As my bike usually needs a good clean after a weekends race, Should I be applying Lube after every wash.
Or as it is raced for an hour and then cleaned the same or next day,could i just apply a good squrit of GT85 to the chain and leave it at that ?

With my Hybrid and Road bikes I always lube the chain but the conditions are not as extreme and many more miles are ridden between each application.


----------



## VamP (4 Oct 2013)

Depends on conditions, but there is no harm in lubing after every race. Use dry lube, it doesn't attract grime in the same way that wet lube does, and this will extend the lifespan of your drivetrain.

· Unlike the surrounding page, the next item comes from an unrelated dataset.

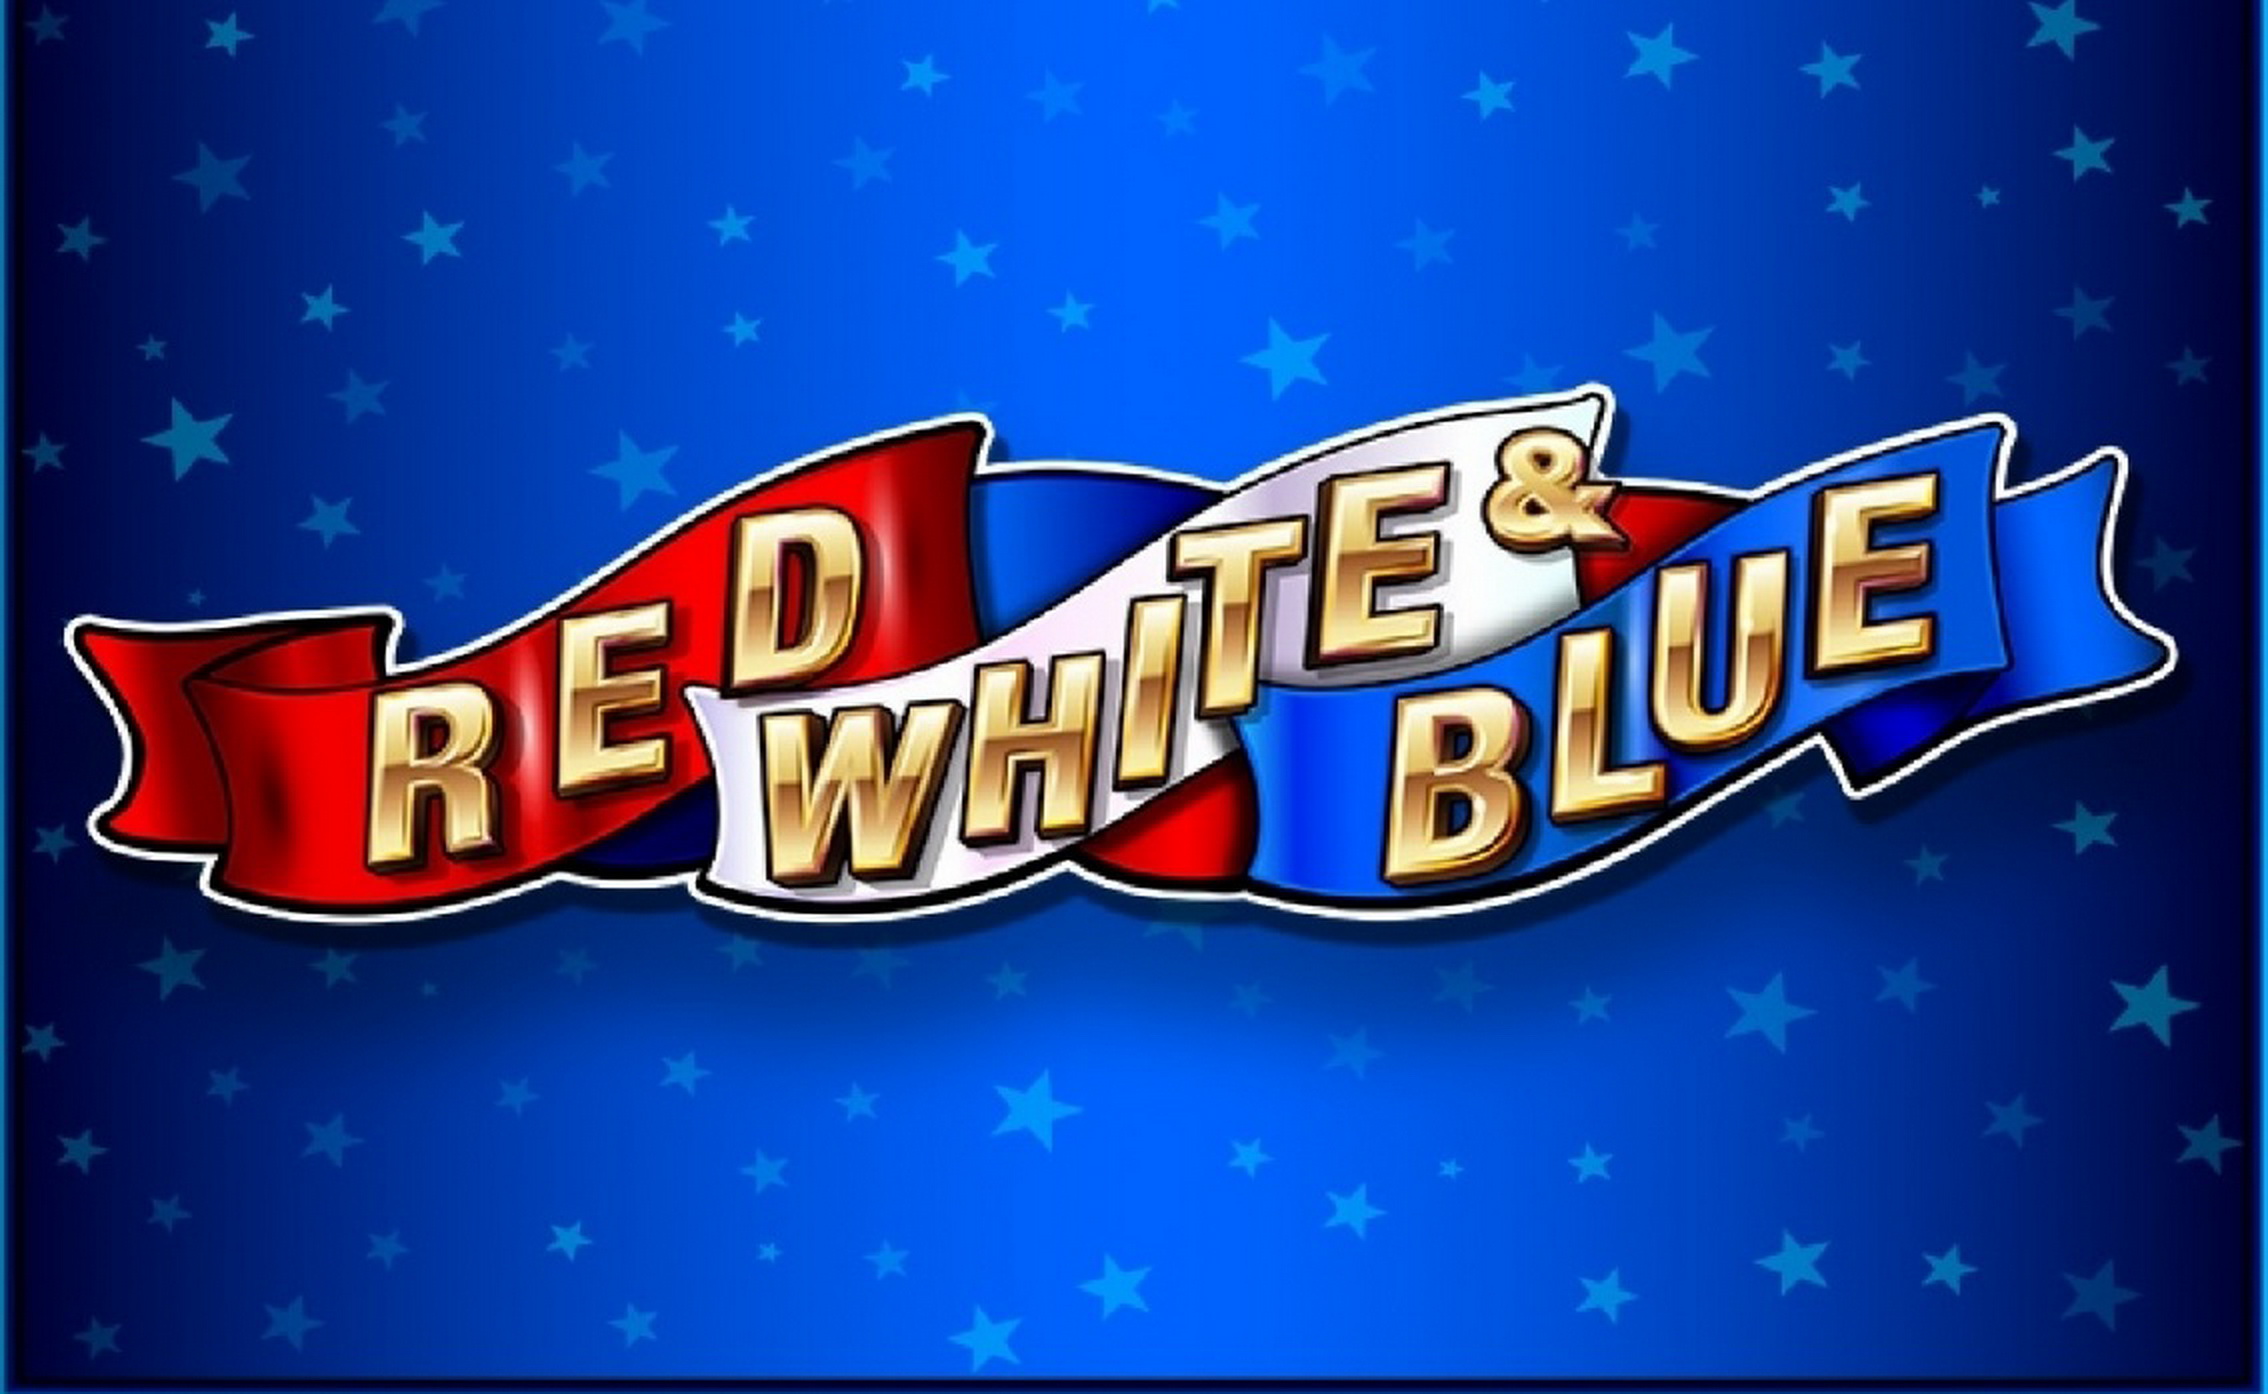 Red White Blue 3 Lines demo

After a muddy race I wash the bike off with spray washer, and dry the chain with a dry rag, and then dry lube it straight away.


----------



## Damaged Hero (4 Oct 2013)

Thanks for the heads up on Dry over Wet,will pick some up tomorrow


----------



## Howard (5 Oct 2013)

Bottom line is you can't overlube a chain - as long as you make sure to wipe off the excess before riding.


----------



## oldroadman (6 Oct 2013)

A lot of team mechanics (from my old days) usually wash the whole bike down with a detergent in water, then use that to clean the chain with a rag and brush, really scrubbing to get the grit awy after wet races. Followed by a clear water rinse. The cains usually get lubed with a bit of diesel on a paintbrush, which gets into every joint as it's nice and thin. More or less the same job as the modern spray stuff but about a zillionth of the price.


----------



## RolandsuperX (6 Oct 2013)

oldroadman said:


> More or less the same job as the modern spray stuff but about a zillionth of the price.


 
But you have to deal with the stench of diesel ..........


----------



## oldroadman (7 Oct 2013)

RolandsuperX said:


> But you have to deal with the stench of diesel ..........


 Not if you are racing fast enough! Any smell (very little in fact) quickly fades away and is behind you anyway. The trick is in the last bit - cleaning the chain off after lubing so that virtually nothing is on the outer surface, but is in the rollers and links, and inside the plates. Then once through the pressure washers and it can all start again after the race.


----------